[AVAILABLE DATA]
-------
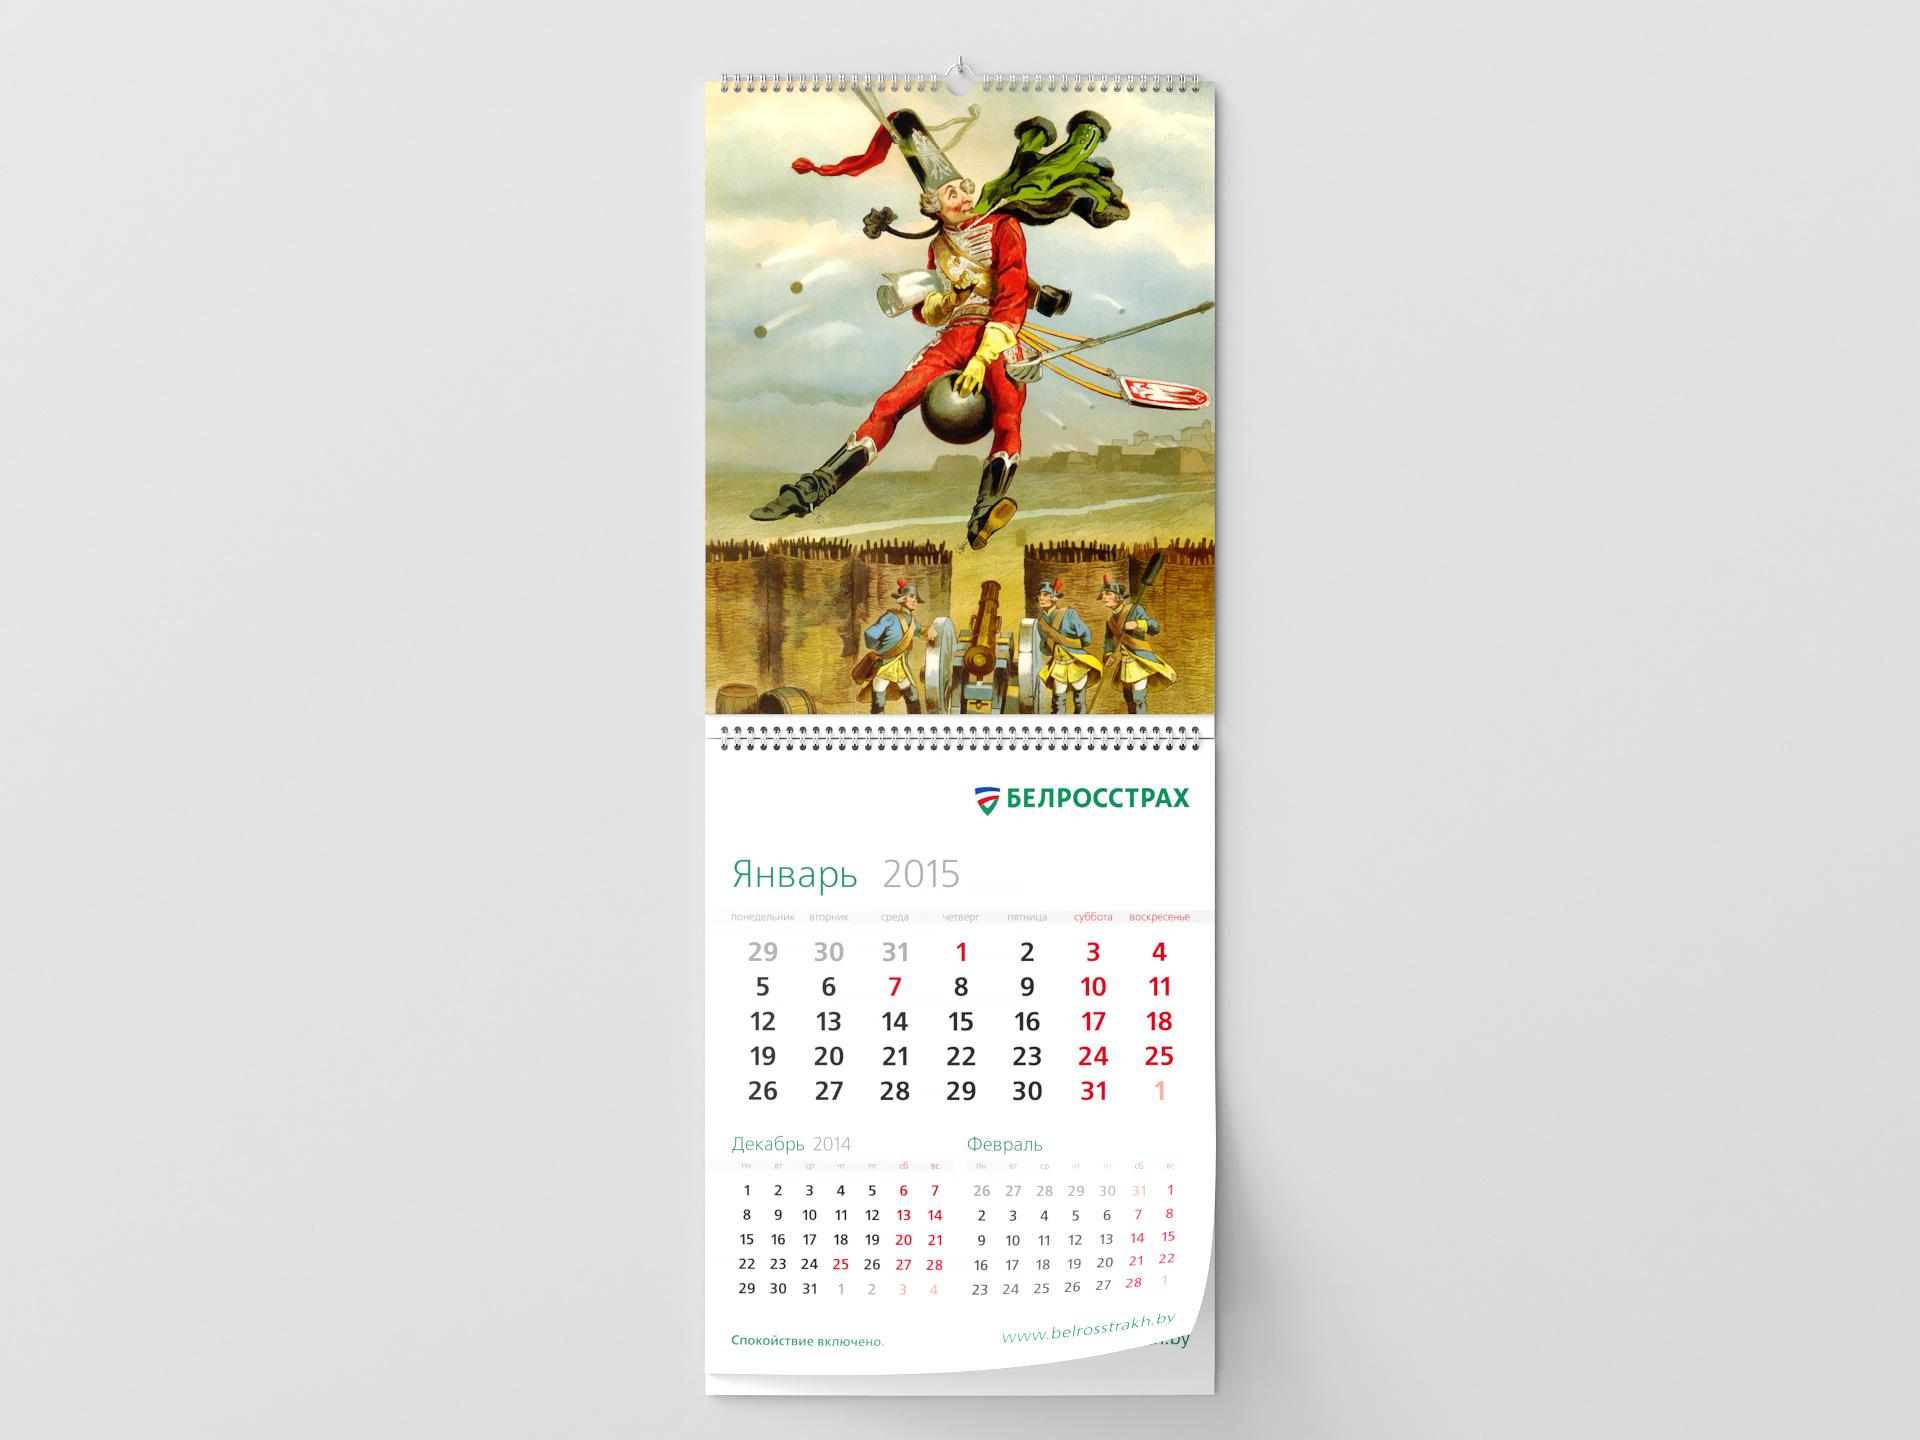 Белросстрах - календарь «230 лет Первому изданию сборника рассказов о бароне Мюнхгаузене»
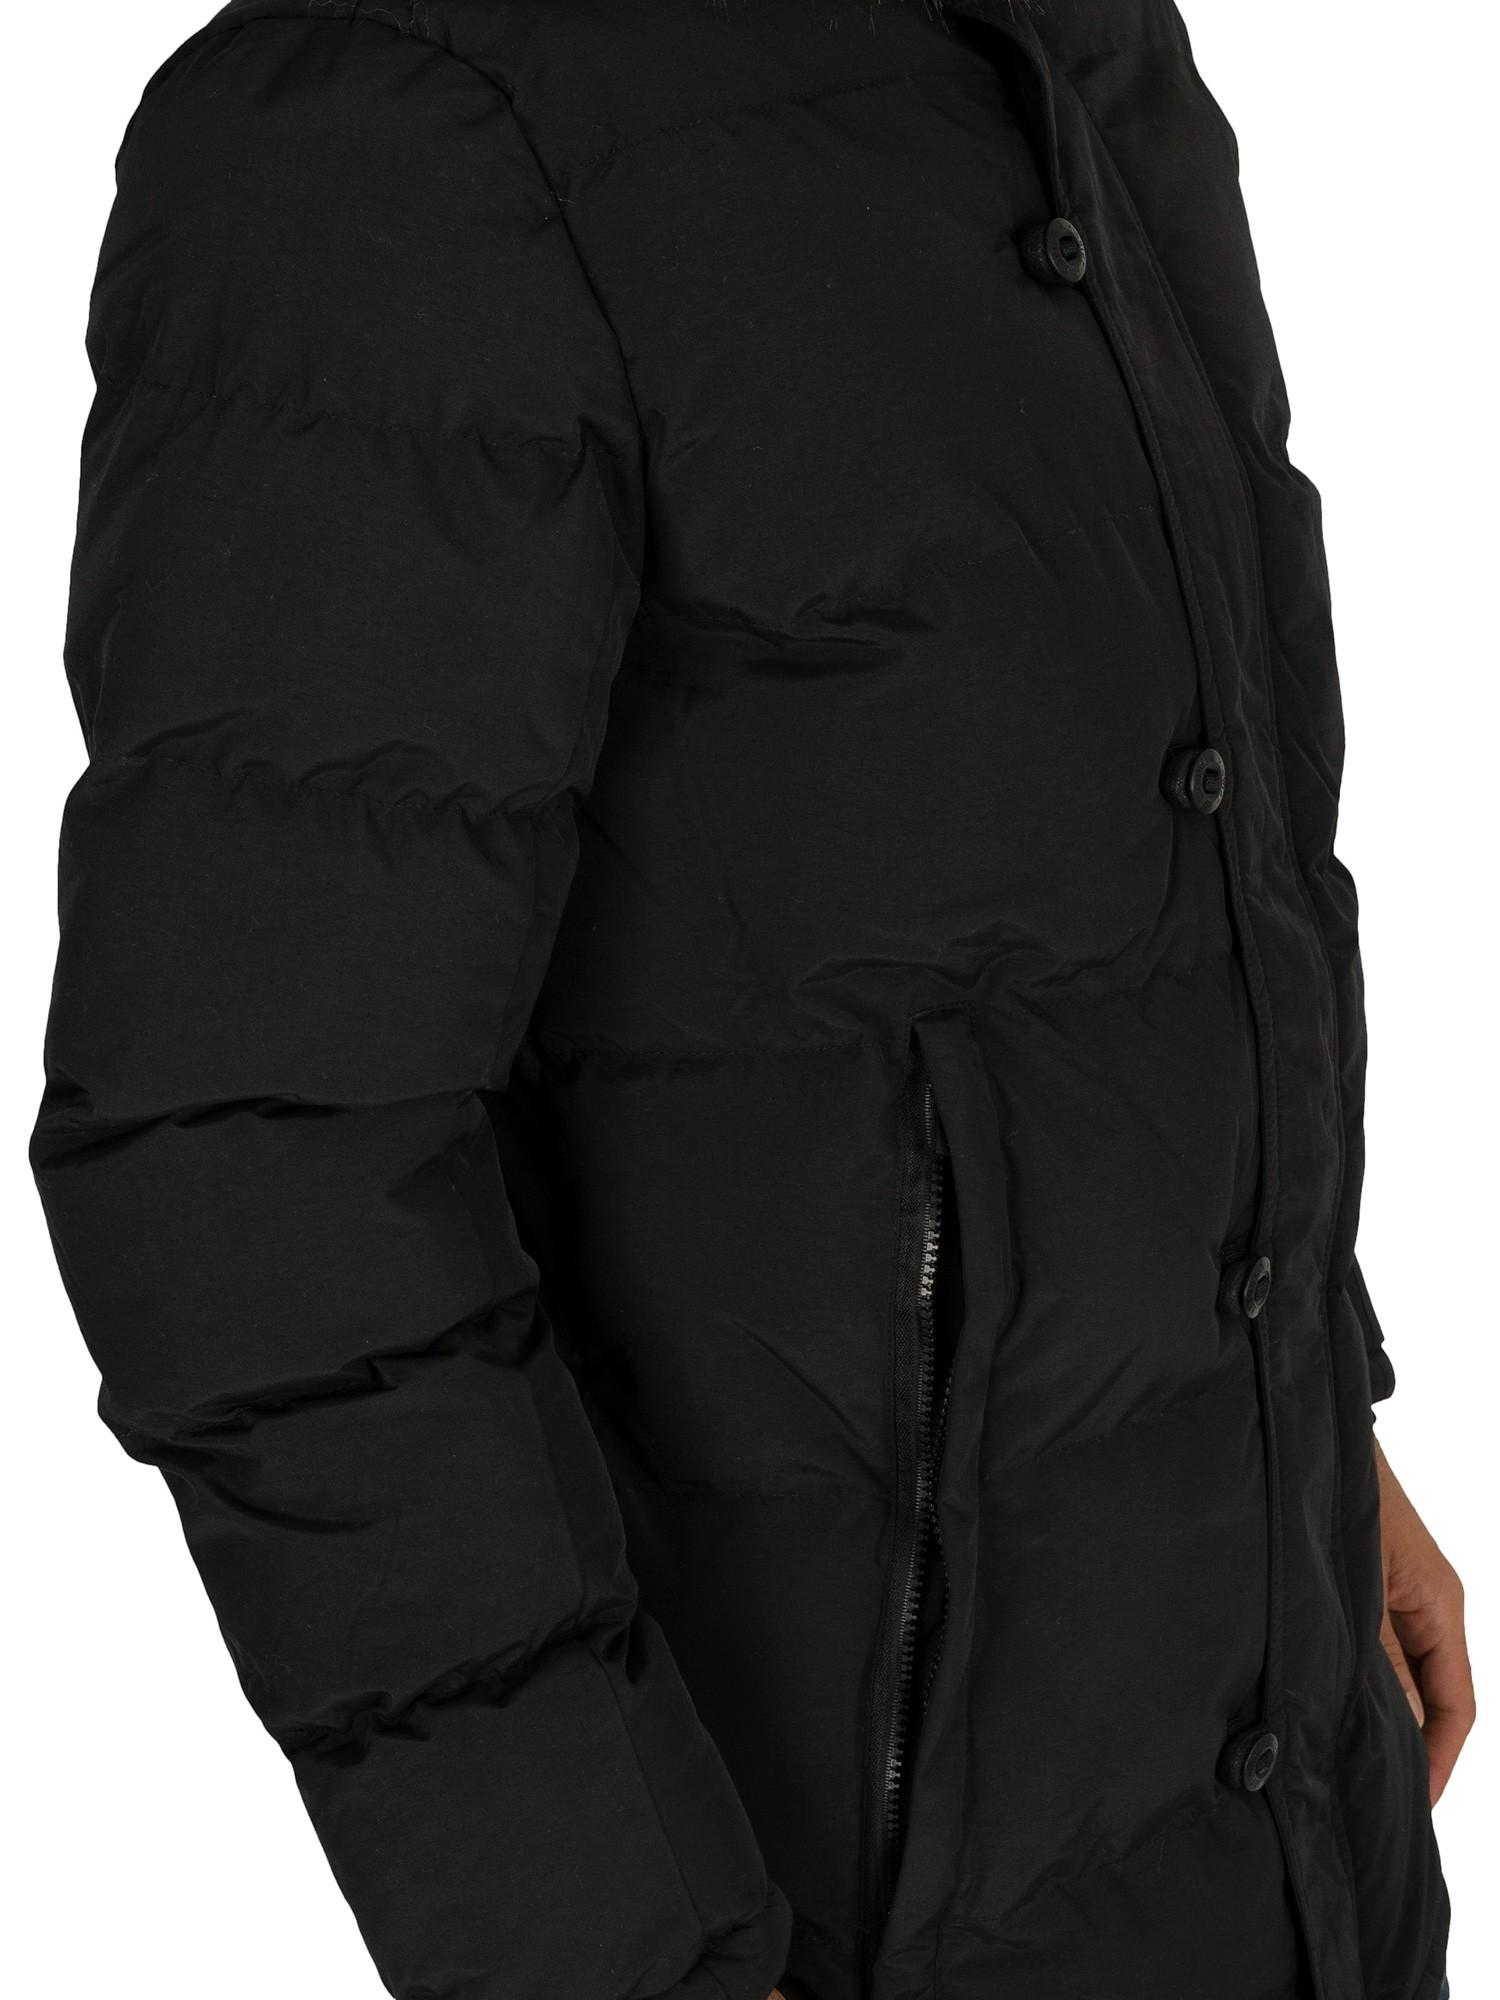 White 4Bidden Raid Mountain Jacket
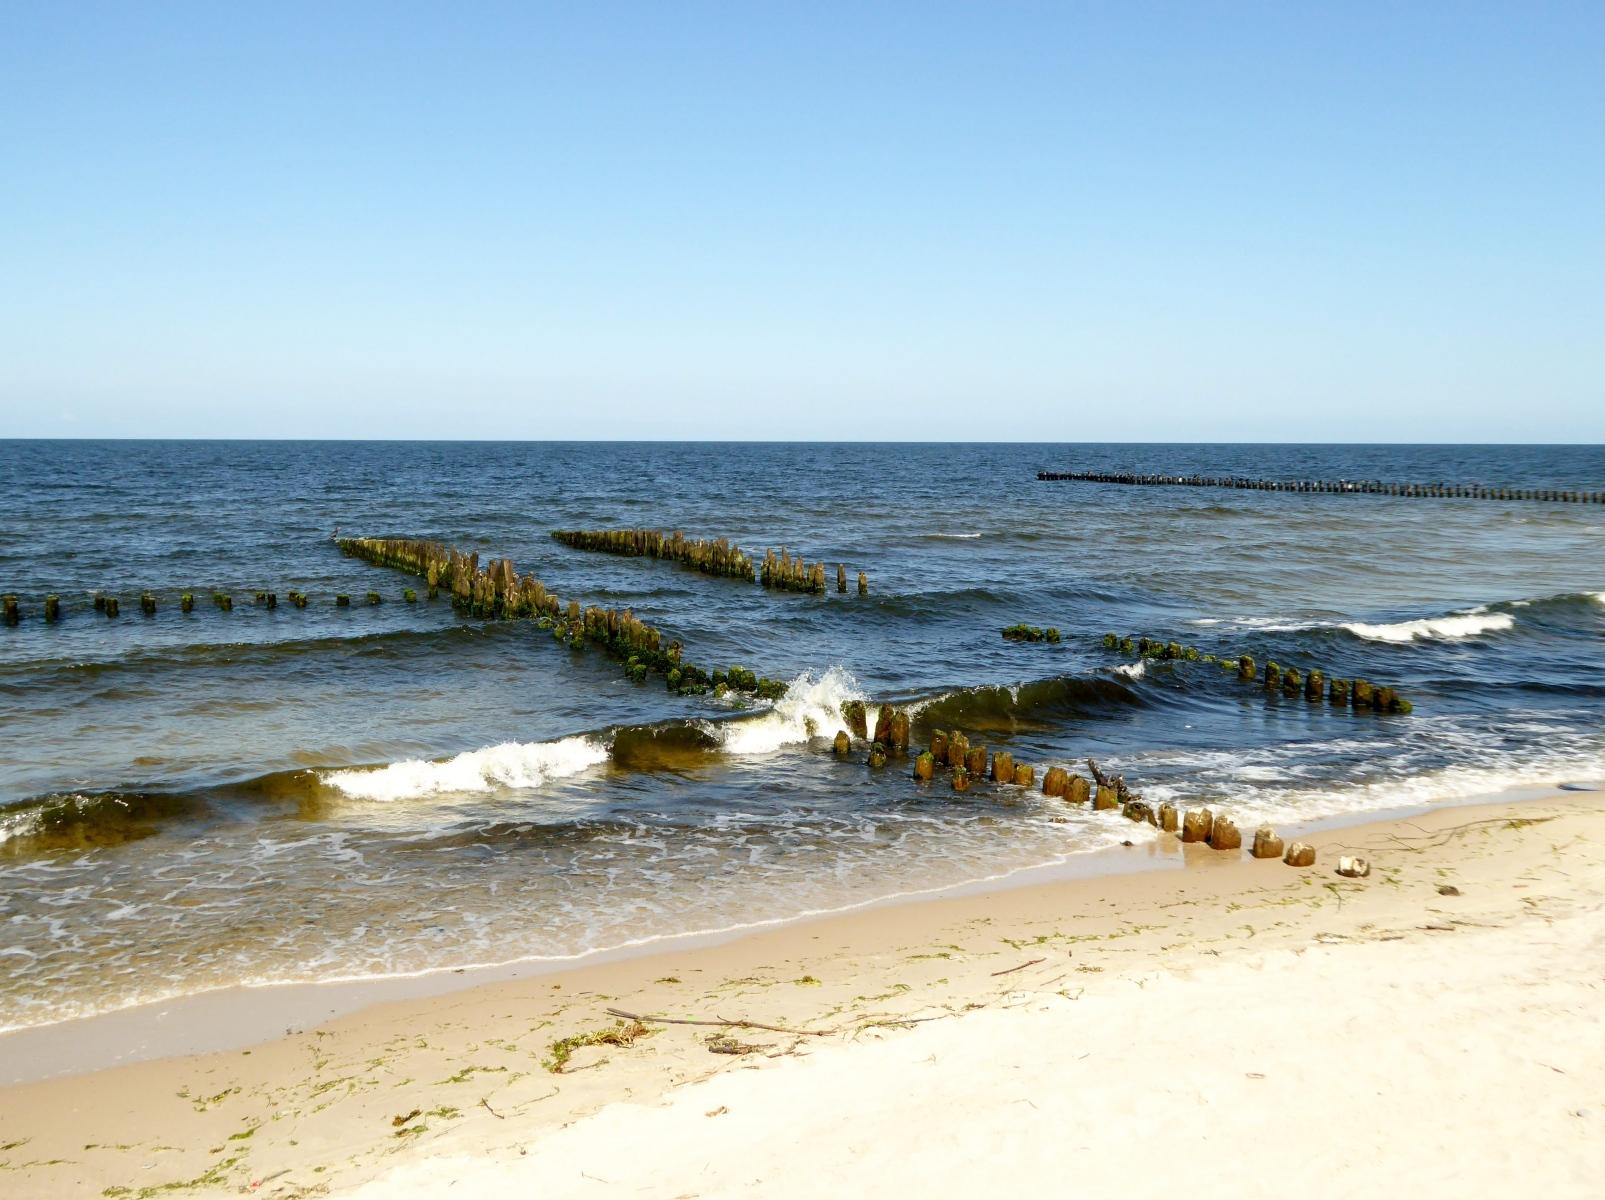 Abgesehen von den Ortschaften findet man während der Tour sehr einsame Strandbereiche, die von wenigen Gästen aufgesucht werden.
-------
Restate each line above exactly, keeping pictures out.

[WRITTEN ANSWER]
 Белросстрах - календарь «230 лет Первому изданию сборника рассказов о бароне Мюнхгаузене»
 White 4Bidden Raid Mountain Jacket
 Abgesehen von den Ortschaften findet man während der Tour sehr einsame Strandbereiche, die von wenigen Gästen aufgesucht werden.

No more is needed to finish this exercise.